Case 0 doesn't indicate anything anymore. I can print a warning about unexpected error code for the default case.
That's more what I'd expect, yes.
- /*
* if we could lock the semaphore, then we're guaranteed that the
* current rd_idx is valid and ready to be used. So no need to verify
* that the status of the descriptor at rd_idx is valid.
*/
- spin_lock(&desc_ctrl->rd_lock);
It really feels like this locking is all complicated and fragile. I'm not entirely sure the optimisation is worth it - are we really sending compressed audio at such a high rate that it's worth having concurrency handling that's hard to think about?
This is similar to how the bufferq implementation work. What is the other alternative to this? We do want this to be as fast as possible.
Why not just reuse the bufferq implementation if that's what you want to use? More generally most audio ring buffers just keep track of the last place read or written and don't bother with semaphores (why do we even need to block?). It's not just the semaphore you're using here but also some non-atomic variables accessed with memory barriers and mutexes all scattered over a very large block of code. It is far too much effort to reason about what the locking scheme is supposed to be here to determine if it is safe, and that's not going to get any easier when reviewing future changes.
We need to block because in the past at least the driver could work on blocking mode and it would return the buffers back to Linux and there was no guarantee that the reader and writer would be on the same rate. The worst case assumption was that the writer and the reader could be 2 different apps. For example an app getting data from network to AXD to be encoded and another app reading the encoded data to store it on disk. And AXD supports multi-pipeline, so more one of these operations could be happening at the same time.
Again I hear you and I'll work on refactoring the code to make it simpler and easier to read and hopefully I can get rid of some of the complexity.
Trying to make something overly optimised at the expense of comprehensibility and maintainability is not good, if there is a pressing performance reason then by all means but that needs to be something concrete not just a statement that we want things to run faster.
Maybe my use of the semaphore count to keep track of how many descriptors are available and cause the caller to block is the confusing part? Would better comments help?
Documentation would help somewhat but I really think this is far too complicated for what it's trying to do. As far as I can tell all this is doing is simple FIFO type tracking of where the last write and last read in the buffer were (which is what most audio drivers do with their data buffers). That should be something that can be done with something more like just a single lock.

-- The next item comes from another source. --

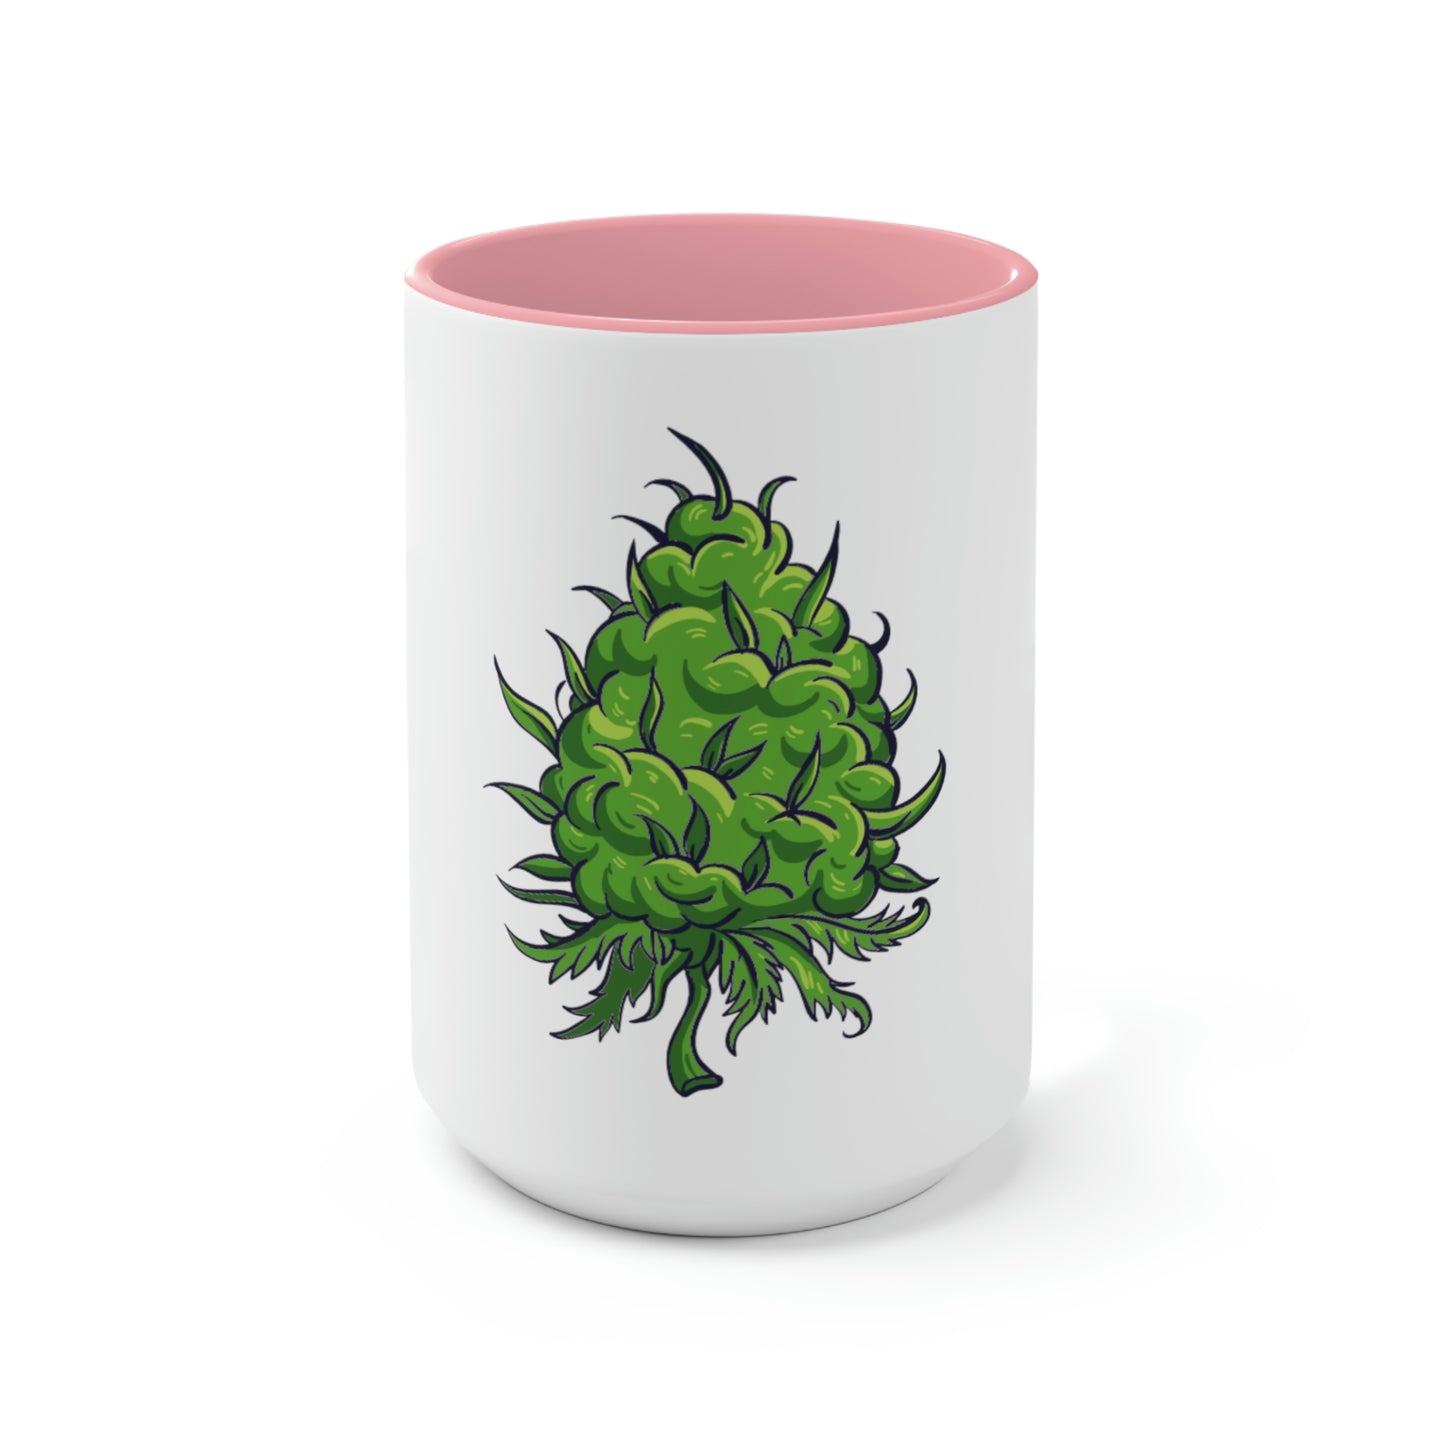 a white and pink Big Cannabis Nug Coffee Mug with a green marijuana plant on it.

Based on some of your other comments I think this may have been overengineered for some other APIs you were implementing but with the ALSA API it should be possible to dramatically simplify it.
I'll work at addressing all of your comments and hopefully the result will be something much simpler.
Many thanks, Qais
- /*
* Based on the defined axd_pipe->buf_size and number of input pipes
* supported by the firmware, we calculate the number of descriptors we
* need to use using this formula:
*
* axd_pipe->buf_size * num_desc = total_size / num_inputs
*/
- num_desc = total_size / (cmd->num_inputs * axd_pipe->buf_size);
I'm not sure that was an especially tricky line of code to follow... am I missing something here?
The driver receive a pointer to a contiguous buffer area that it needs to divide it into buffers based on its size, number of pipes in the system, and the desired buffer size.
That is what I think the code is doing but apparently it's sufficiently complex that it needs a five line comment including a rewritten version of the equation?